Material provided:
::::
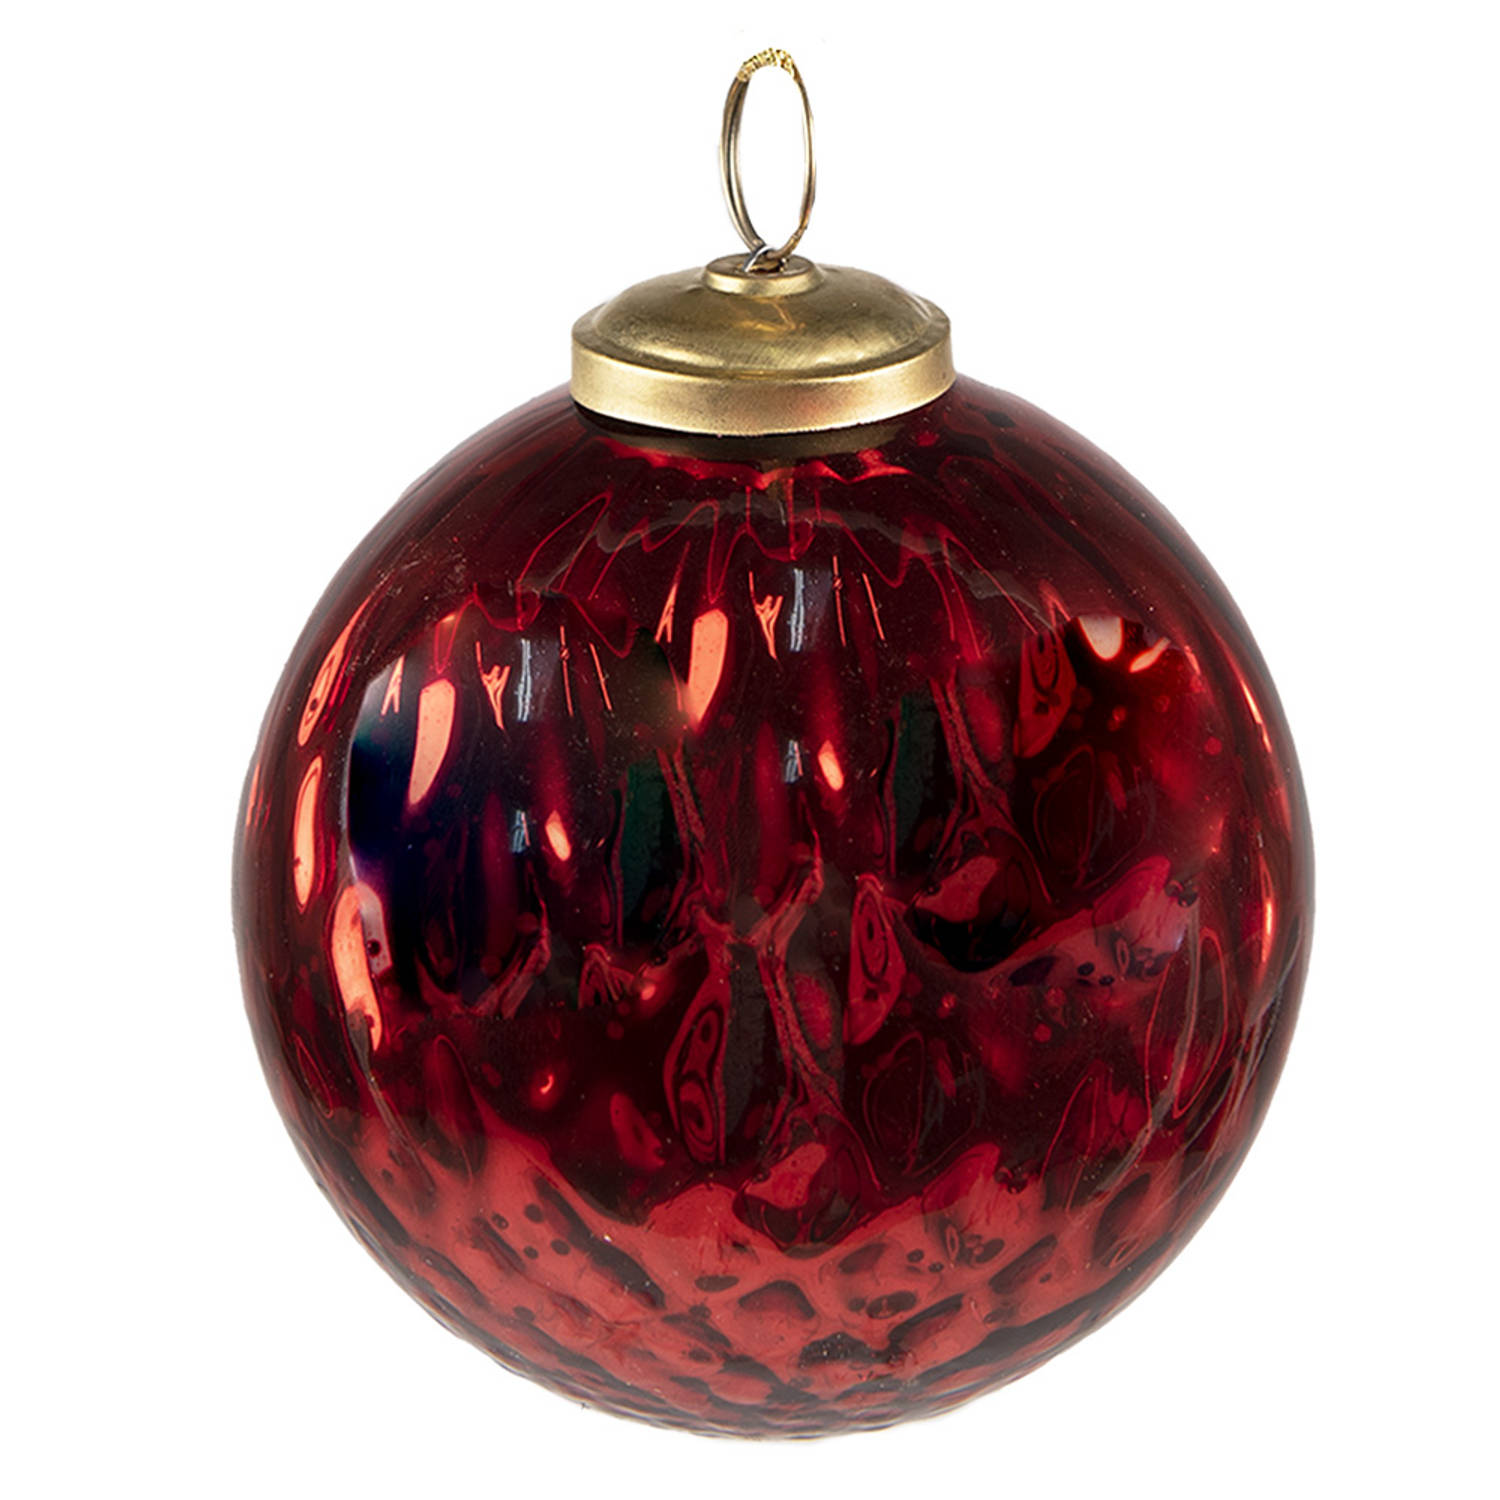 HAES DECO - Kerstbal - Formaat Ø 9x11 cm - Kleur Rood - Materiaal Glas - Kerstversiering, Kerstdecoratie, Decoratie Hanger, Kerstboomversiering
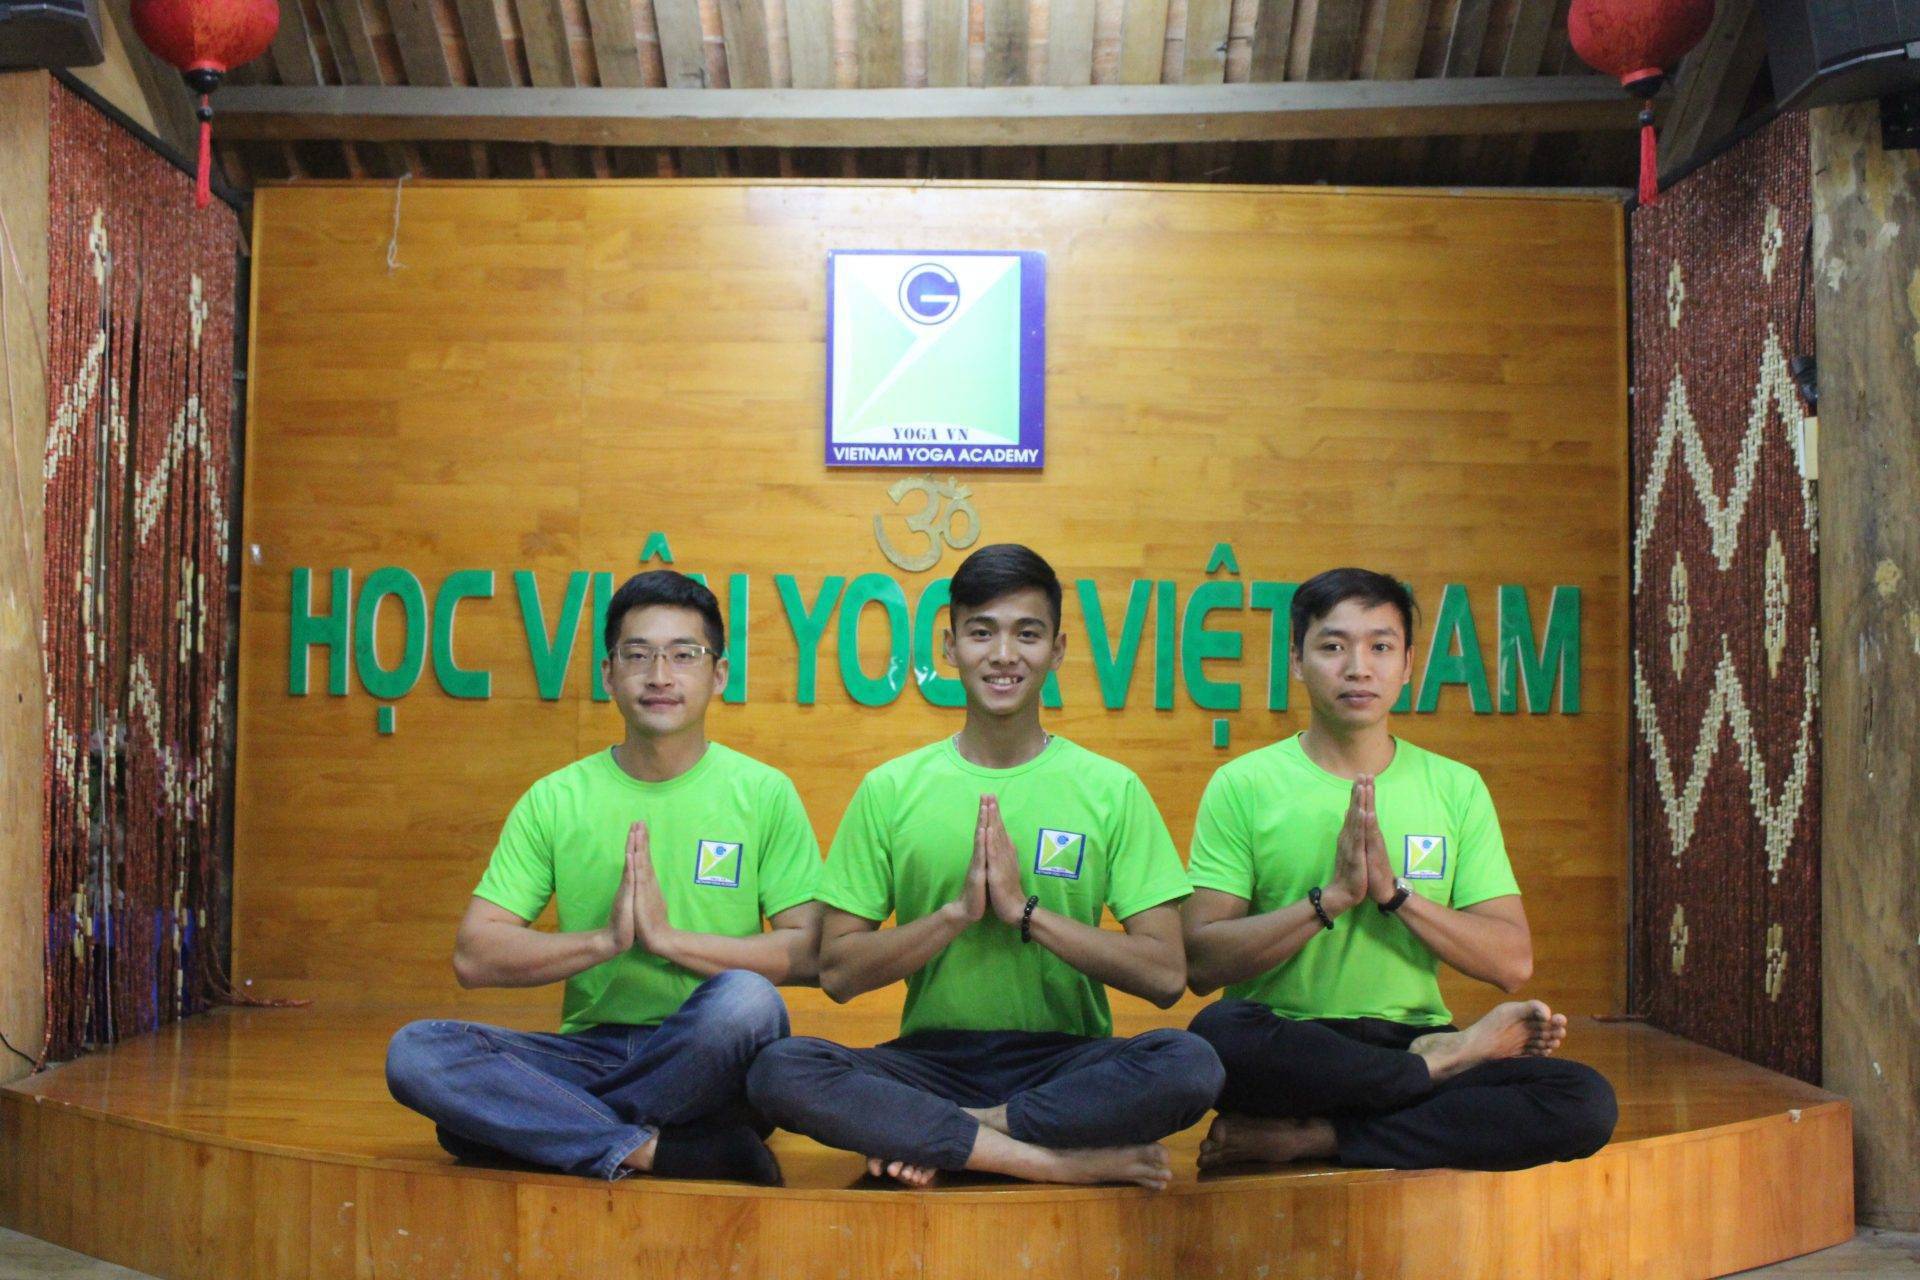 TÌm kiếm một nơi học giáo viên Yoga ở Hoàng Mai
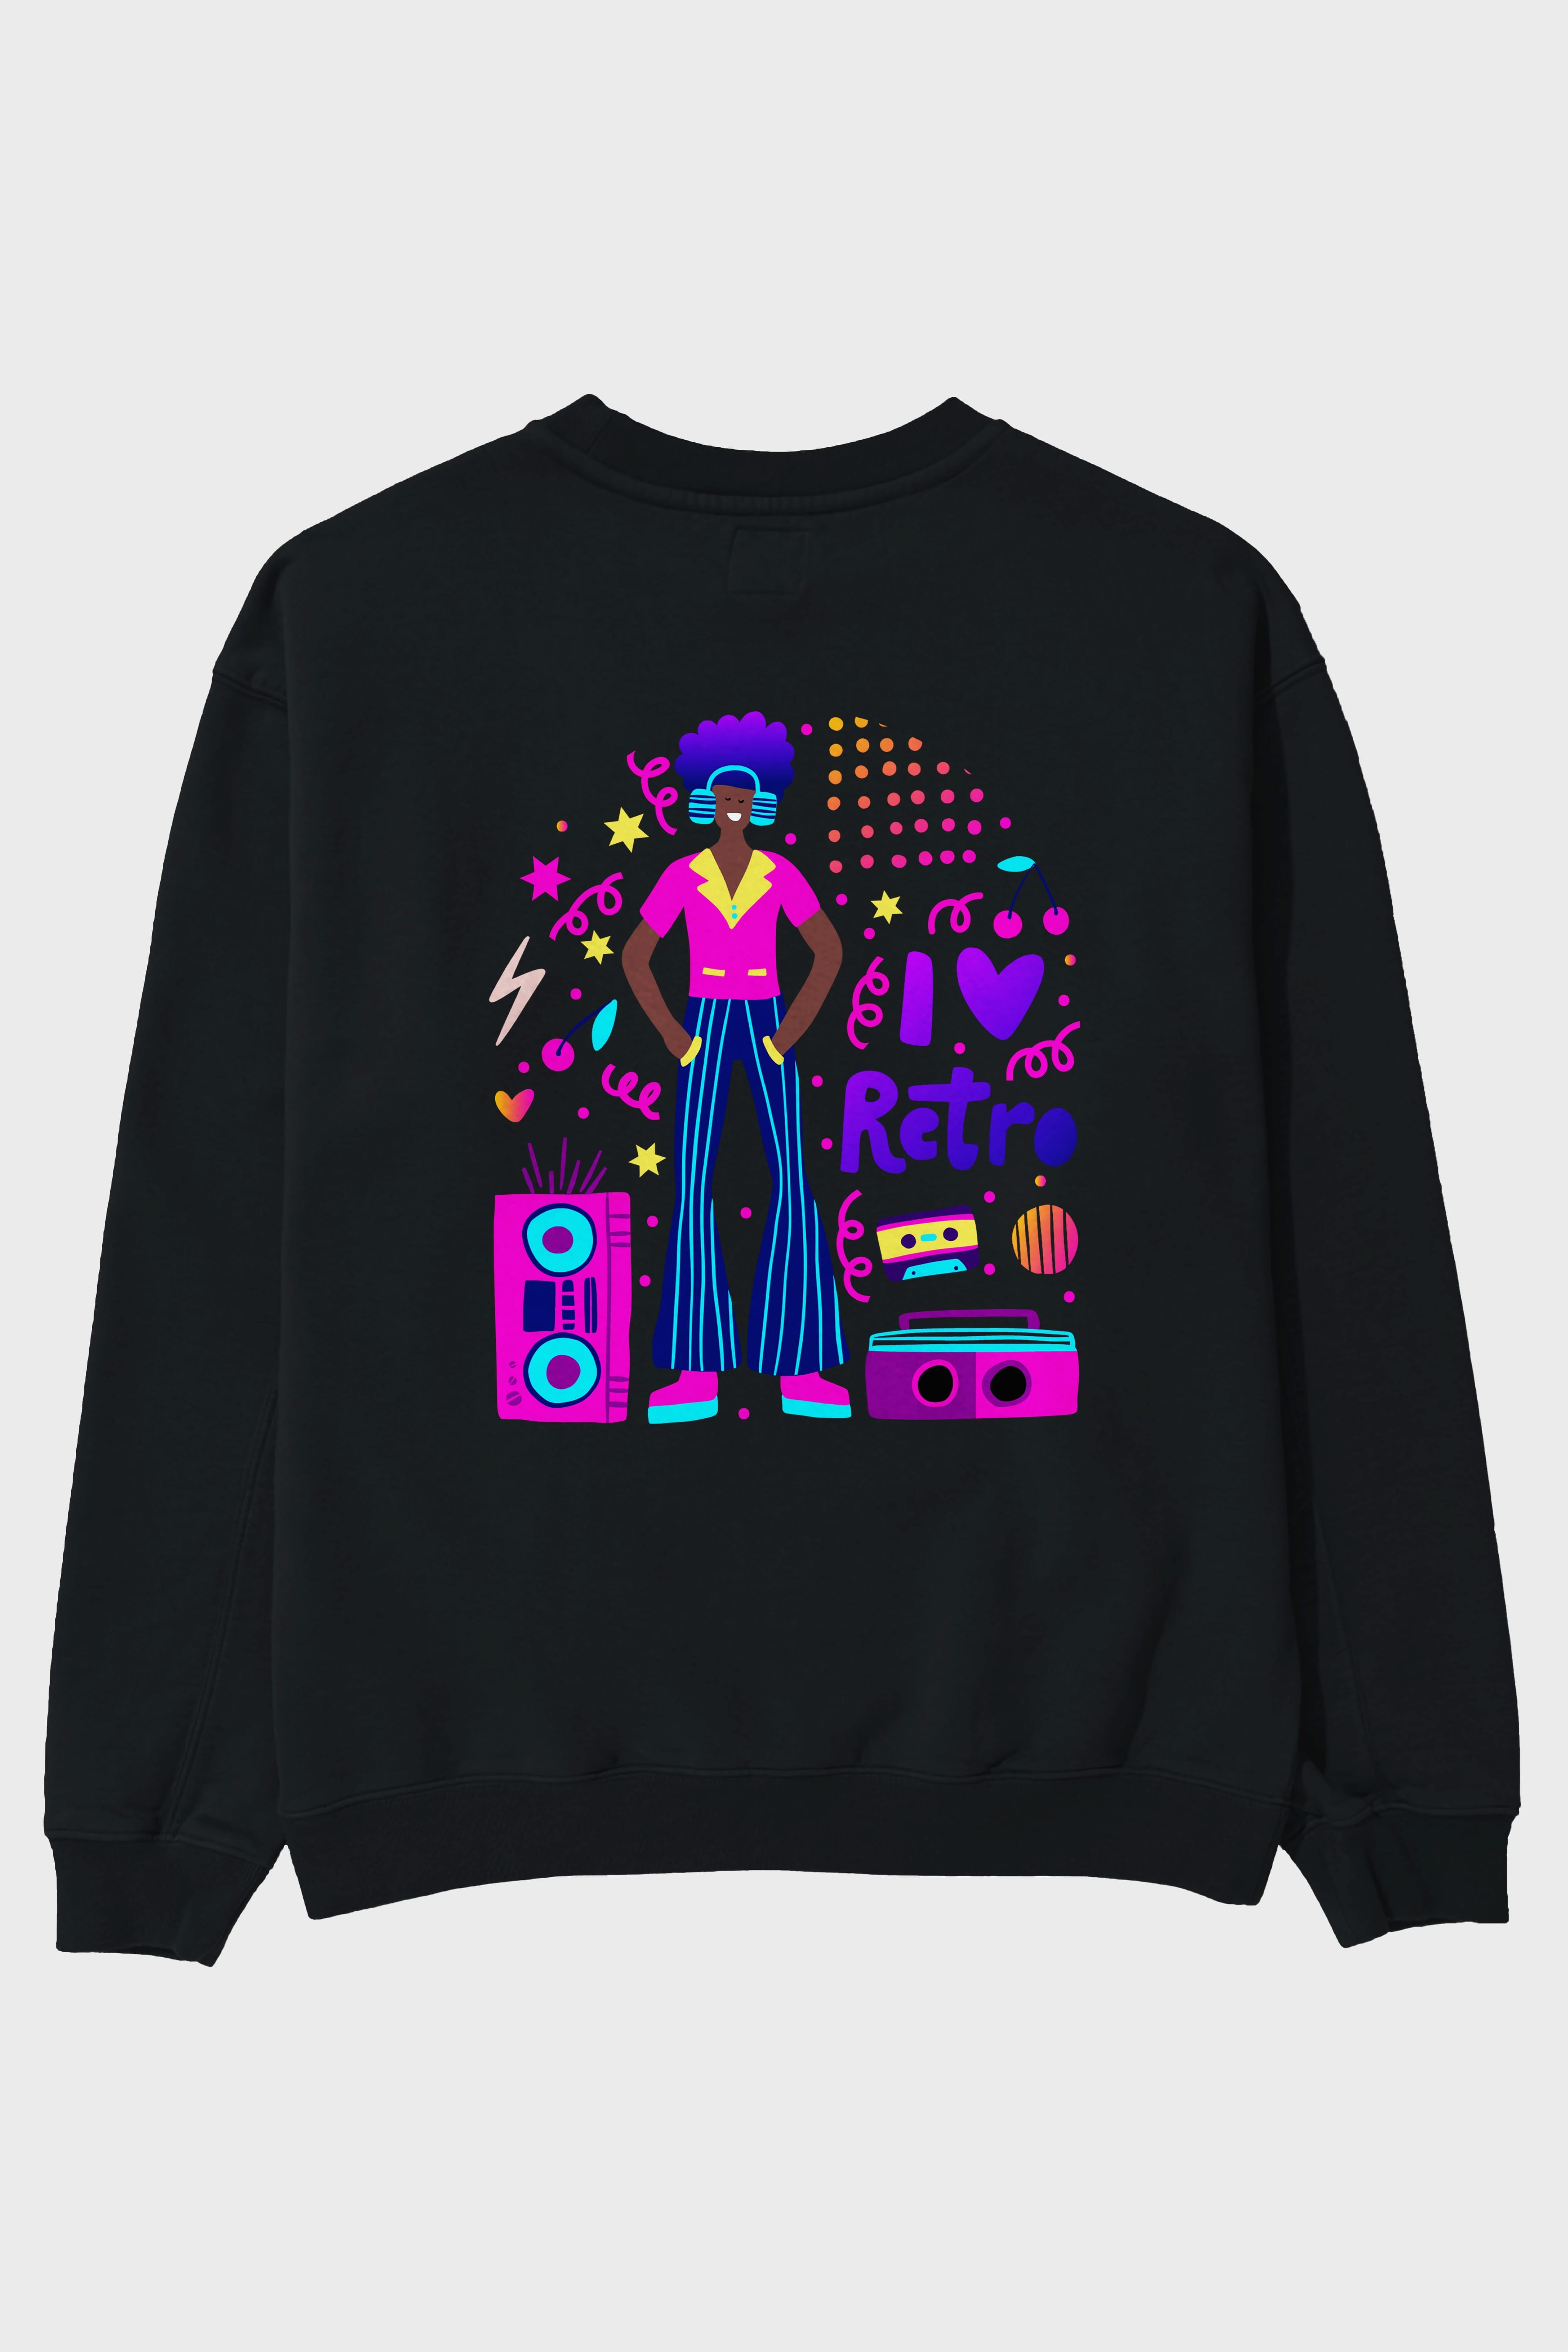 Retro Boy Party Arka Baskılı Oversize Sweatshirt Erkek Kadın Unisex
::::
Exercise prompt: Take the data above and repeat it exactly, leaving each picture out.

Exercise solution:
 HAES DECO - Kerstbal - Formaat Ø 9x11 cm - Kleur Rood - Materiaal Glas - Kerstversiering, Kerstdecoratie, Decoratie Hanger, Kerstboomversiering
 TÌm kiếm một nơi học giáo viên Yoga ở Hoàng Mai
 Retro Boy Party Arka Baskılı Oversize Sweatshirt Erkek Kadın Unisex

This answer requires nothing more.